Minister Secretary-General of Government
- In office 11 July 1987 – 21 October 1988
- President: Augusto Pinochet
- Preceded by: Francisco Javier Cuadra
- Succeeded by: Miguel Ángel Poduje

Head of the University of the Andes, Chile
- In office 10 March 2004 – 21 January 2014
- Preceded by: Óscar Cristi Marfil
- Succeeded by: José Antonio Guzmán Cruzat

Personal details
- Born: 7 January 1955 Chile
- Party: Independent
- Spouse: María Olga Ortúzar
- Children: Three
- Alma mater: University of Chile
- Occupation: Lawyer, academic

= Orlando Poblete Iturrate =

Chilean lawyer and academic (born 1955)

Orlando Poblete Iturrate (born 7 January 1955) is a Chilean lawyer and academic who served as Minister Secretary-General of Government between 1987 and 1988.

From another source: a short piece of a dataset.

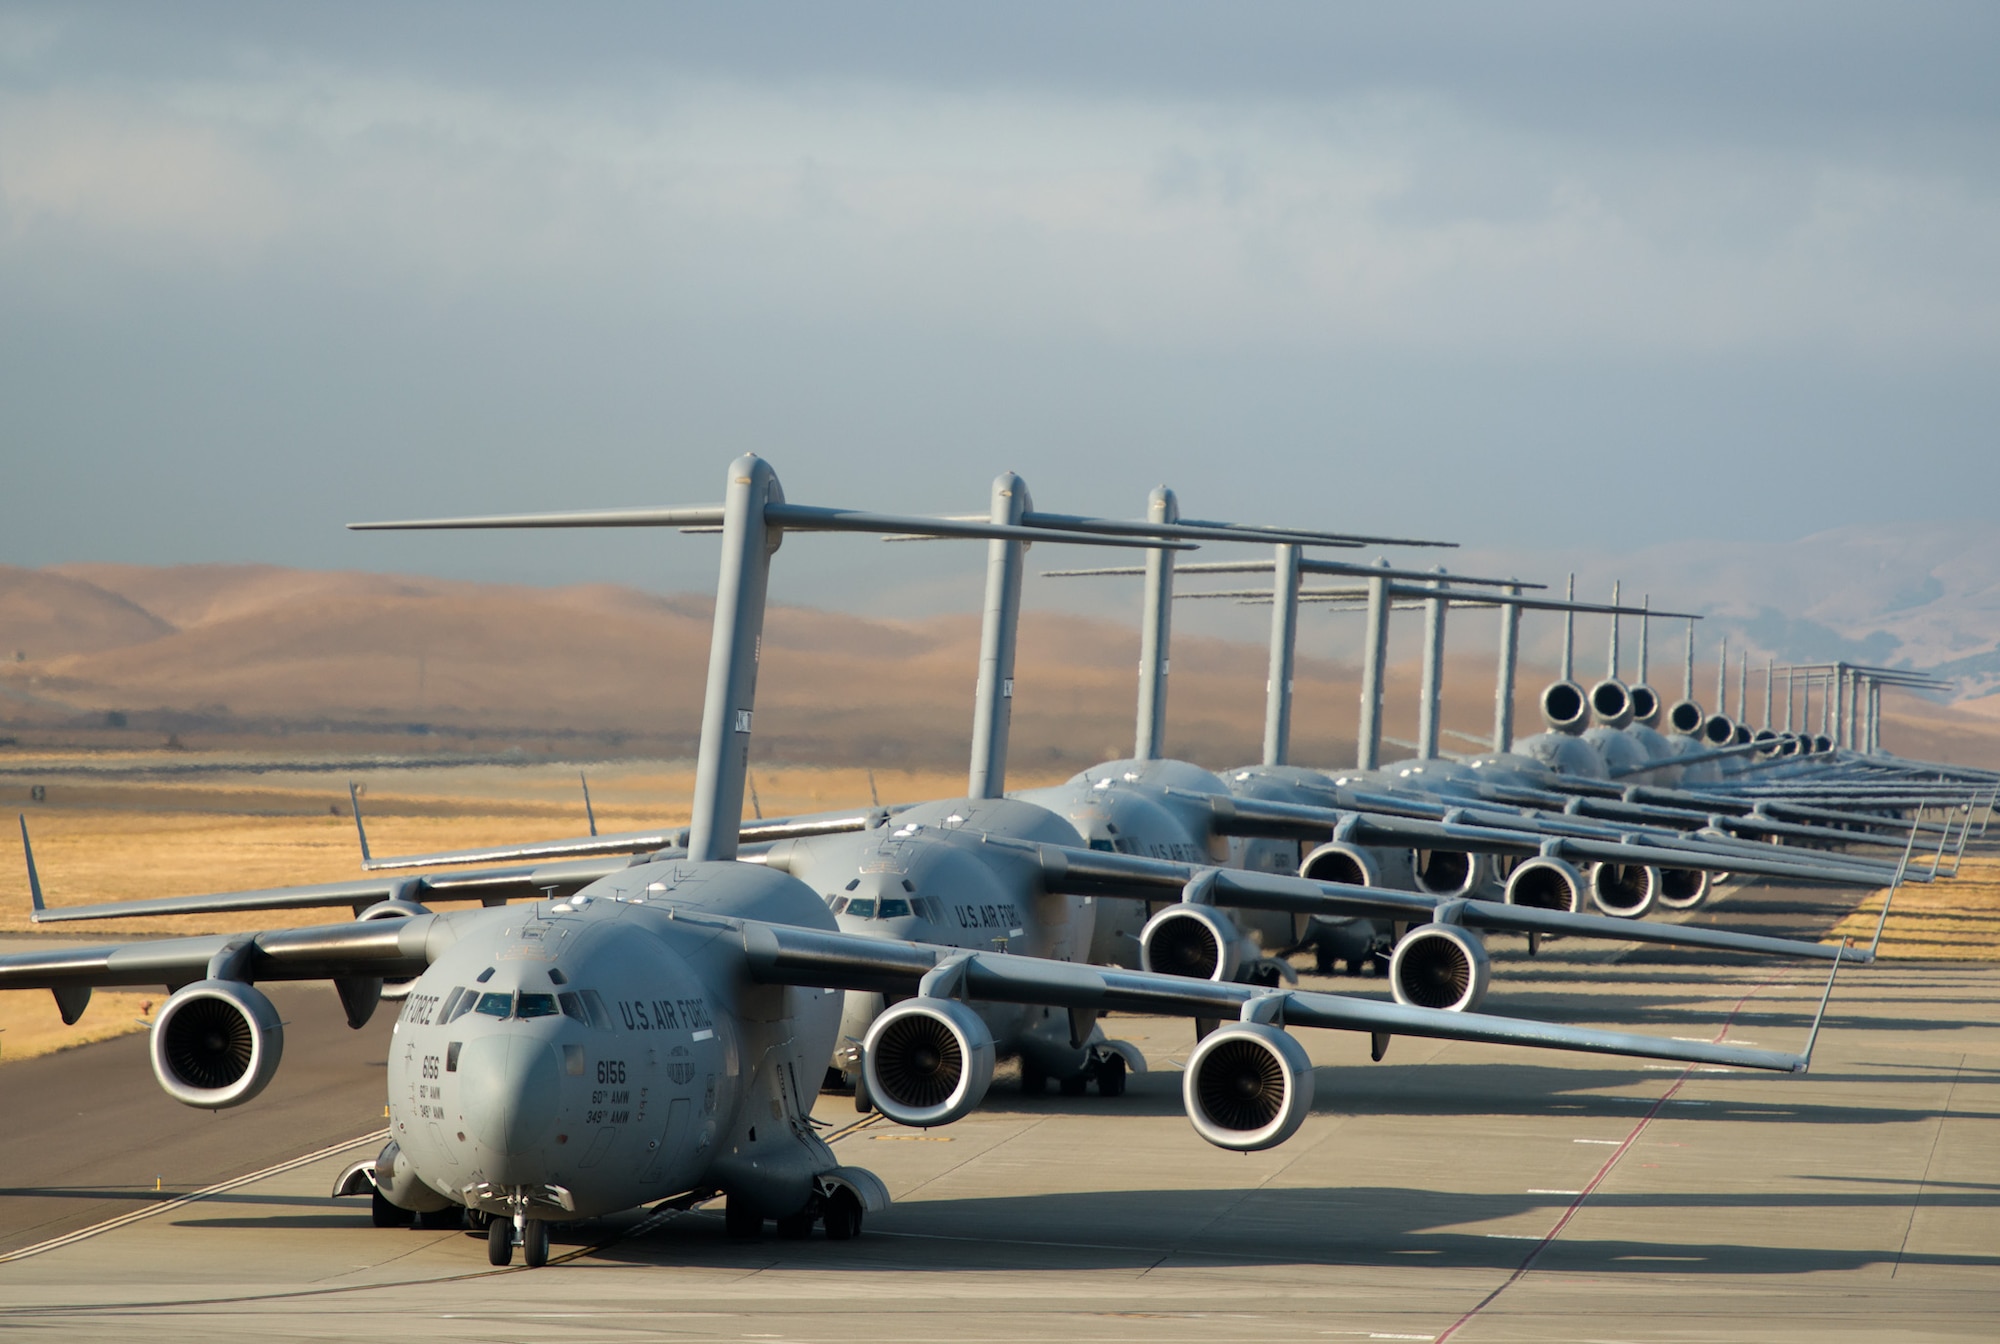 A 22-aircraft "freedom launch" took place at Travis AFB, Calif., Sept. 11, 2013. Seven C-17 Globemaster IIIs, 11 KC-10 Extenders and four C-5B Galaxies from the 60th Air Mobility Wing lined up in what is historically referred to as an "elephant walk," then launched consecutively over 36 minutes to take part in Air Mobility Command missions. The first plane in the lineup, a C-17, launched at 8:46 a.m., the same time terrorists crashed American Airlines Flight 11 into the North Tower of the World Trade Center in New York City 12 years earlier. (U.S. Air Force photo/Ken Wright)

He later became Rector of the University of the Andes, Chile, a position he held from 2004 to 2014.

== Early life and education ==
Poblete earned his law degree at the University of Chile in 1978.

He later taught procedural law at several Chilean universities, including the University of Chile, the Pontifical Catholic University of Chile, and the University of the Andes, Chile. In 1984 he co-founded the Chilean Institute of Procedural Law (Instituto Chileno de Derecho Procesal).

He married María Olga Ortúzar Feliú, with whom he has three children.

== Political career ==
Between 1979 and 1987 Poblete served as an adviser to the Office of the Presidency. On 11 July 1987, President Augusto Pinochet appointed him Minister Secretary-General of Government, a post he held until 21 October 1988.

== Academic career ==
In 1996 he became dean of the Faculty of Law at the University of the Andes. On 10 March 2004, he was appointed rector of the same university, succeeding Óscar Cristi Marfil.

He held the post for ten years, stepping down on 21 January 2014, when José Antonio Guzmán Cruzat was elected as the new rector.